SYNONYM OR CROSS REFERENCE: Smallpox, VARV, and variola minor virus strains (alastrim, amass, or kaffir viruses)(1,2,3).
CHARACTERISTICS: A member of the family Poxviridae , subfamily Chordopoxvirinae , genus Orthopoxvirus . Virions are shaped like bricks on electron micrographs and measure approximately 300 x 250 x 200 nm(2,4). Orthopoxviruses have an outside envelope and a second membrane underneath. Instead of a capsid, poxviruses have a nucleosome which contains DNA, and is surrounded by its own membrane(5). They contain single, linear, double-stranded DNA molecules of 130 to 375 kb pairs and replicate in the cell cytoplasm(4). Variola virus is the most complex of the orthopoxvirus genus, having many different strains(6,7).
PATHOGENICITY/TOXICITY: Smallpox is an acute, contagious disease with two main forms, variola major and variola minor, both of which cause similar lesions(1). There are 4 types of variola major infection presentations.
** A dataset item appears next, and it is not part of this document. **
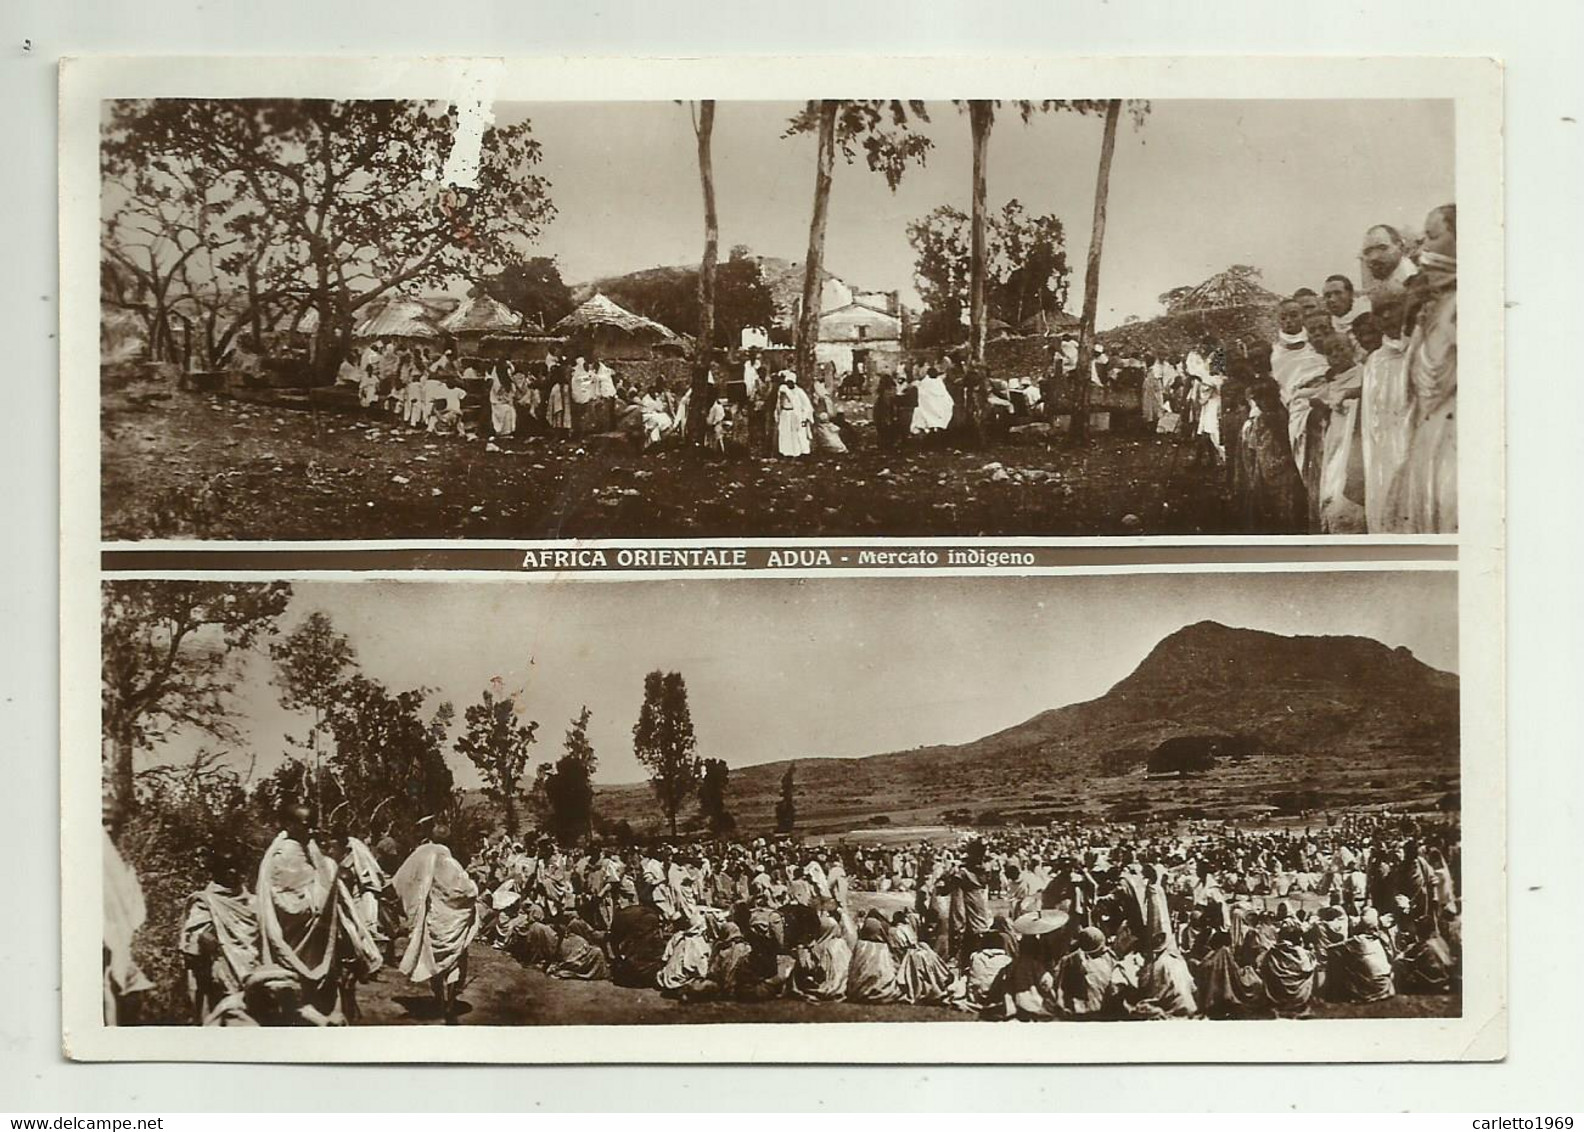 AFRICA ORIENTALE ADUA - MERCATO INDIGENO 1938 - NV FG ( SEGNO PARTE SX ) - Ethiopia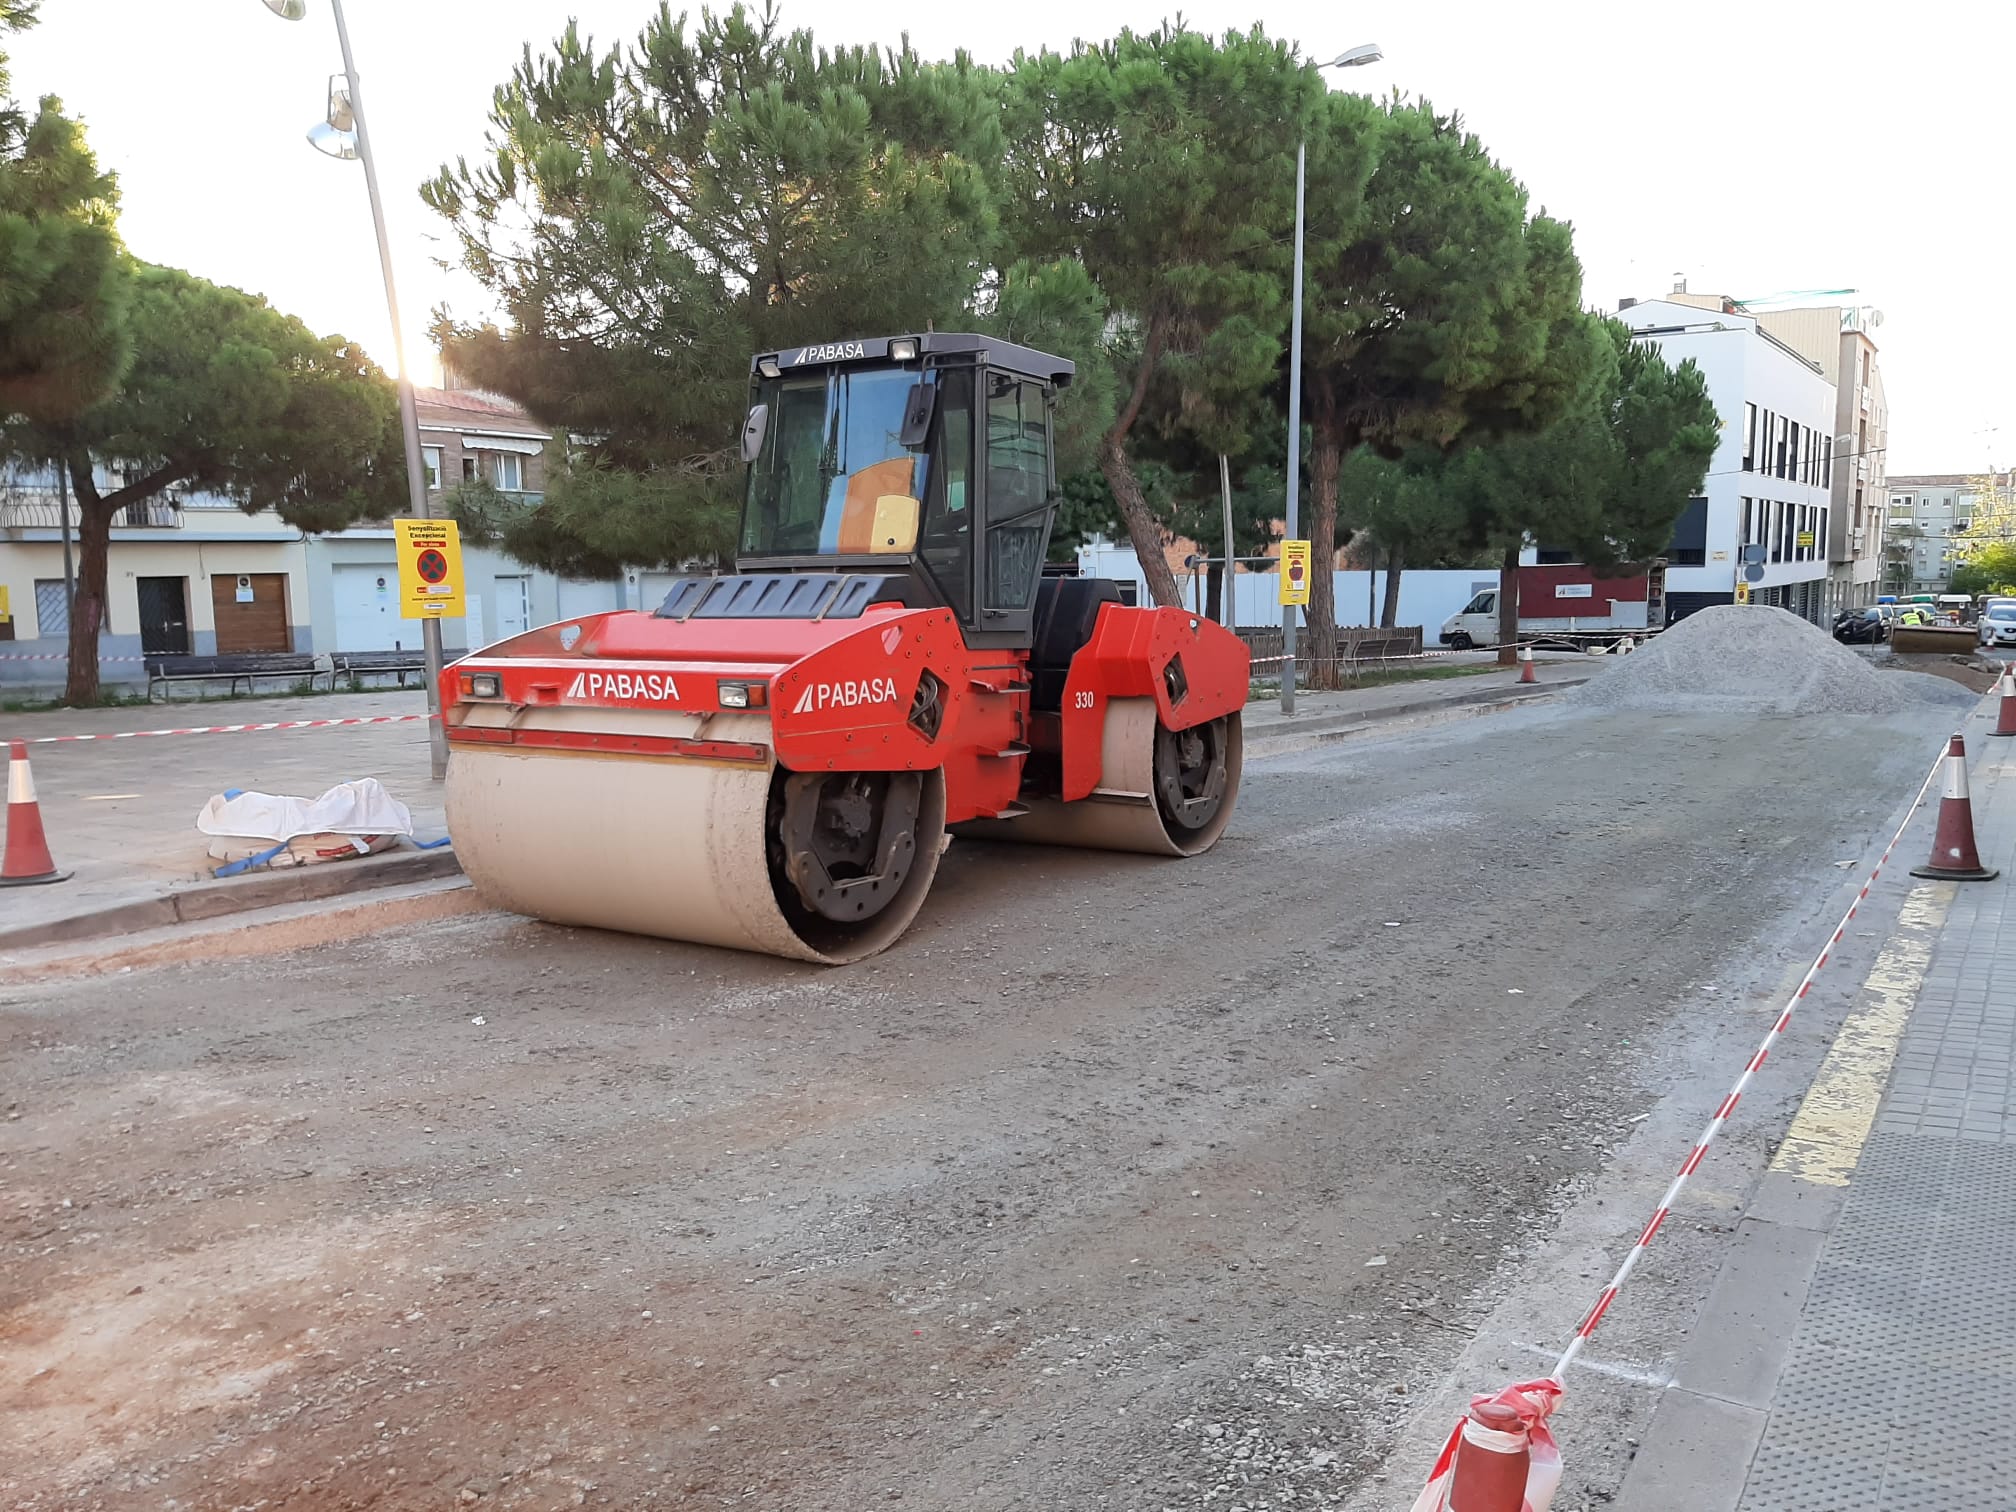 S’aprova el projecte de renovació del paviment de calçades i carrers de la ciutat

Ordinary variola major : The most common form, which accounts for more than 90% of cases and has a fatality rate of approximately 30% among unvaccinated individuals, and 3% for vaccinated individuals(8). The cause of death is usually bronchopneumonia, although in about 3% of cases, fatal haemorrhages occur. The prodromal phase consists of sudden onset of influenza-like symptoms, characterized by fever, malaise, headache, prostration, severe back pain, and sometimes abdominal pain and vomiting. Two to 3 days later, the temperature falls and the patient feels somewhat better, at which time a characteristic rash appears, first on the face (starting as small red spots) then on the tongue, mouth, nose, and hands. After a few days, the rash progresses to the trunk where fewer lesions occur. Lesions in the mucous membranes of the nose and mouth ulcerate quickly, releasing large amounts of virus into the mouth and throat. Lesions progress from macules to papules to vesicles to pustules, and at 8 to14 days, the pustules form scabs which leave depressed depigmented scars upon healing. All lesions in a given area progress through these stages together(1,8).
The milder or "modified" variola major : Accounts for 2% of cases in unvaccinated persons and for 25% in previously vaccinated persons. Cases are rarely fatal with fewer, smaller, and more superficial lesions than those in patients with the ordinary type(4).
Haemorrhagic variola major : A rare form of variola major which is always fatal and involves haemorrhages in the mucous membranes and the skin(1,4).
Flat variola major : Another rare form of variola major that is almost always fatal and is characterized by lesions that do not develop to the pustular stage, but remain soft and flat(2,4).
Variola minor : The other main form of smallpox (also known as alastrim), which is a milder illness with a fatality rate of less than 1%(1).
Another type of smallpox, variola sine eruptione , occurs in previously vaccinated contacts or in infants with maternal antibodies. Affected persons are asymptomatic or have a brief rise in temperature, headache, and present influenza-like symptoms. The transmission of clinical smallpox has not been documented with variola sine eruptione(4). Overall, 65% to 80% of smallpox survivors have pockmarks, mostly on the face(1).
EPIDEMIOLOGY: As a result of a successful worldwide vaccination program, smallpox was eradicated, with the last natural infection occurring in Somalia in 1977(1,8).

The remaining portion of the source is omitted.